There has been a tendency for invasion biologists to treat organisms as static entities and ignore the role of plasticity and evolution in determining invasion risk (Whitney & Gabler, 2008). Plasticity may confer invasion success by either increasing fitness in both unfavorable and favorable environments (Richards, Bossdorf, Muth, Gurevitch, & Pigliucci, 2006). Broad thermal tolerance should increase fitness in unfavorable environments and has been associated with range expansions (Bates et al., 2013).
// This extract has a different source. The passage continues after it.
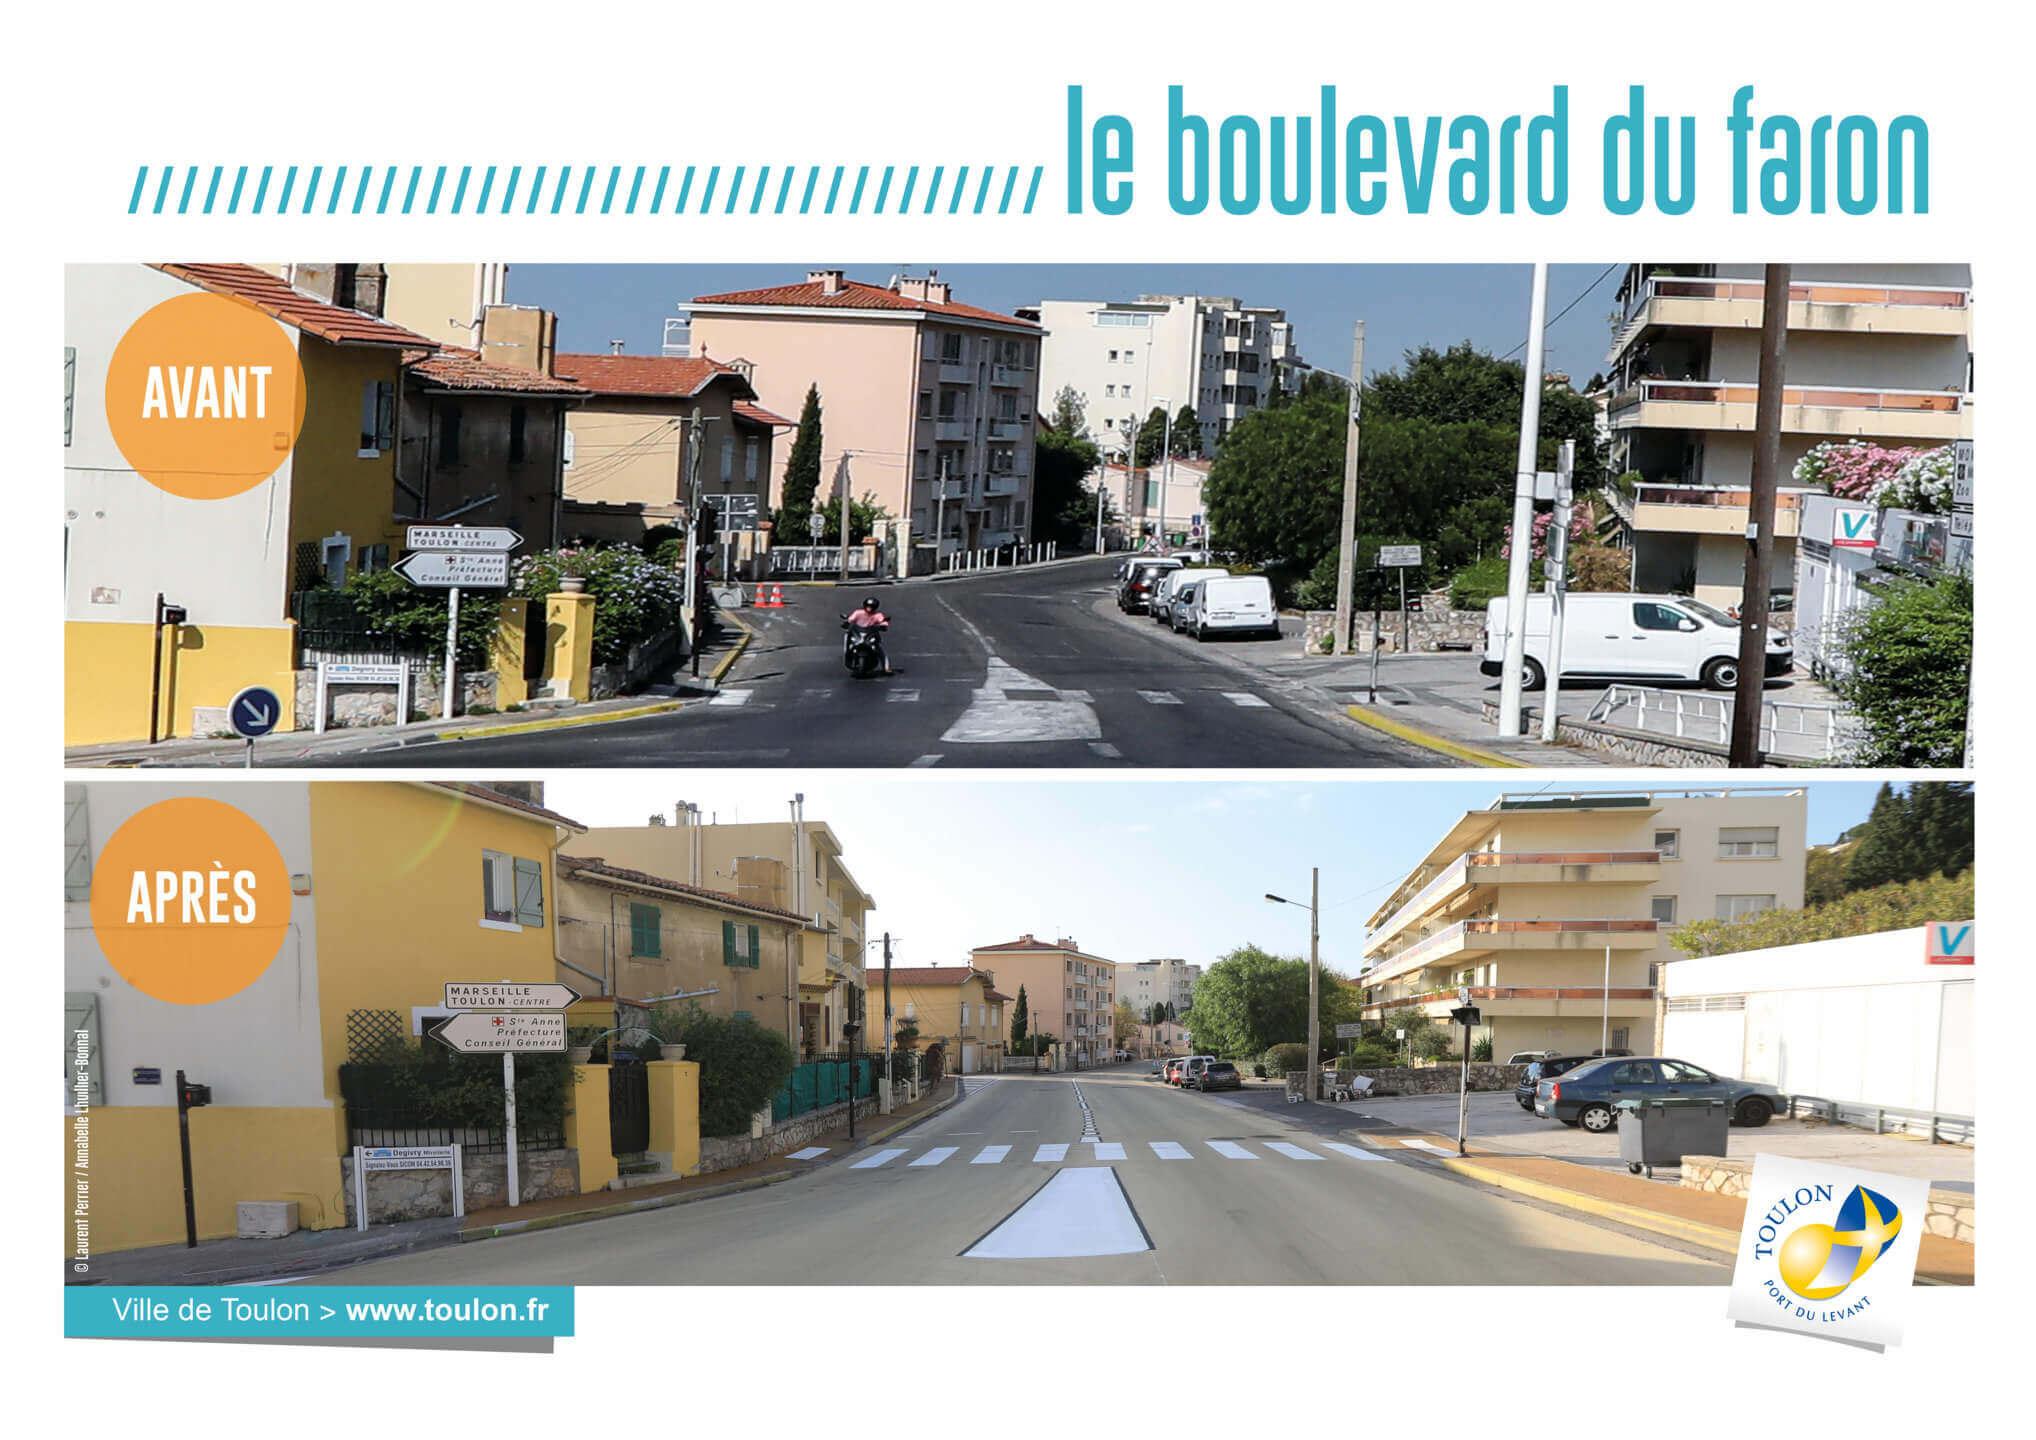 Le boulevard du faron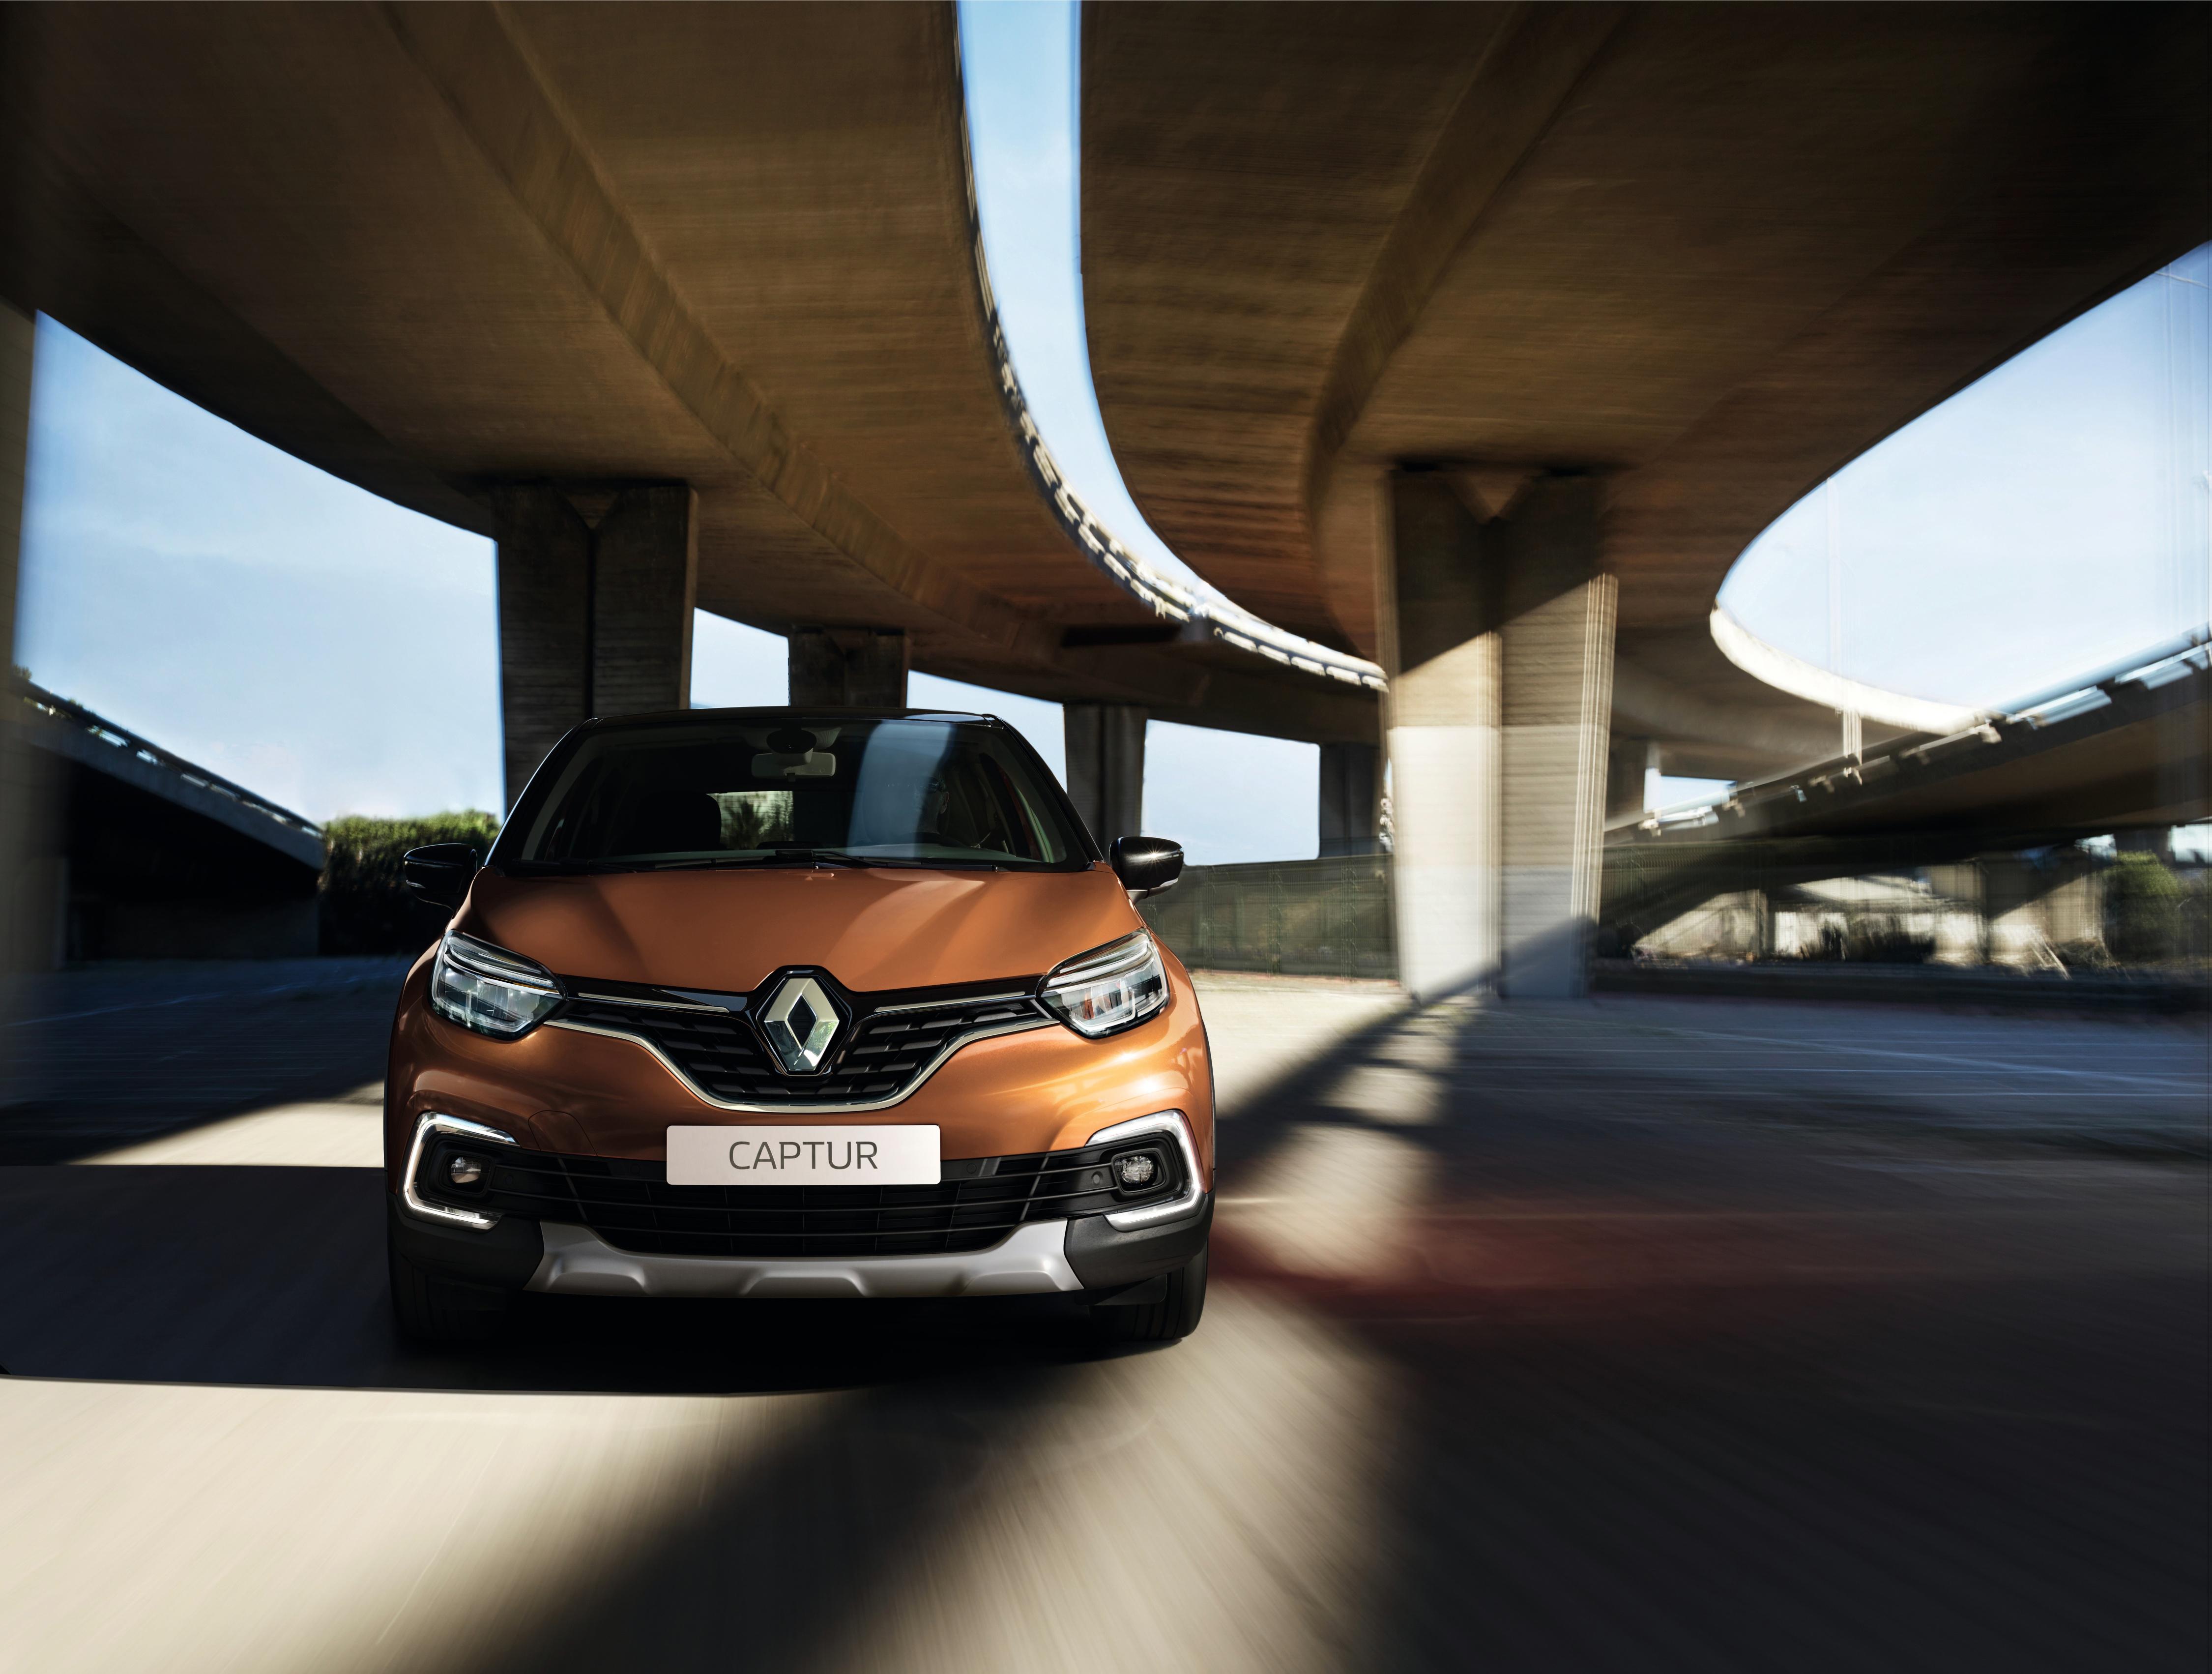 2017 Renault Captur.

The role of transcriptional plasticity in determining thermal tolerance suggests that assessment of transcriptional profiles under thermal stress may be a valuable tool to assess invasion risk. Our results demonstrate the power of using measures of transcriptional variation to detect meaningful biological responses to thermal stress in an ecological context that would be directly relevant to a species' ability to survive, uptake transport, and establishment in a novel environment. Comparative genomics has enormous potential to identify the mechanistic basis of variable acclimation capacity among groups of organisms (Whitehead, 2012). We have used a comparative approach to further demonstrate that differences in transcriptional response to acute temperature challenge may underlie the difference in invasion success between our two study species. Conservation biologists have embraced the use of transcriptomic profiles to identify and select more plastic source populations to maximize the success of species reintroductions (He, Johansson, & Heath, 2016). Managing invasive species is simply applying this approach in reverse, where managers would want to prioritize prevention of transport and establishment of the most plastic invaders. Assessing transcriptional plasticity in response to acute stressors, such as temperature, combined with knowledge of the relationship between transcription and physiology (e.g., high transcriptional response is beneficial for thermal acclimation but may be maladaptive for pollution tolerance) would provide managers with objective measures of the plastic capacity of potential invasive species. Such data are critical for effective invasion risk assessment and the incorporation of quantitative approaches into invasion risk assessment will change how invasive species are managed and their impacts minimized.

Data Accessibility

Raw sequencing data for both species are available at the NCBI Sequence Read Archive under project accession numbers SRP075124 and SRP075141. Scripts used to process raw data, assemble the transcriptome, and generate the count data file as well as the count data file and R scripts used to perform the differential expression analysis are available on Dryad: https://doi.org/10.5061/dryad.408ht.

Supporting information

 

Click here for additional data file. (705.3KB, docx)

 

Click here for additional data file. (2KB, txt)

Acknowledgements

We would like to thank Stacey MacDonald, Felicia Vincelli, Lida Nguyen‐Dang, and Meghan Donovan for assistance collecting samples and the McGill University and Genome Quebec Innovation Centre for providing sequencing services. We thank two anonymous reviewers and the Associate Editor for their constructive comments that improved this manuscript. We would like to acknowledge NSERC and the Canadian Aquatic Invasive Species Network II for funding that supported this project.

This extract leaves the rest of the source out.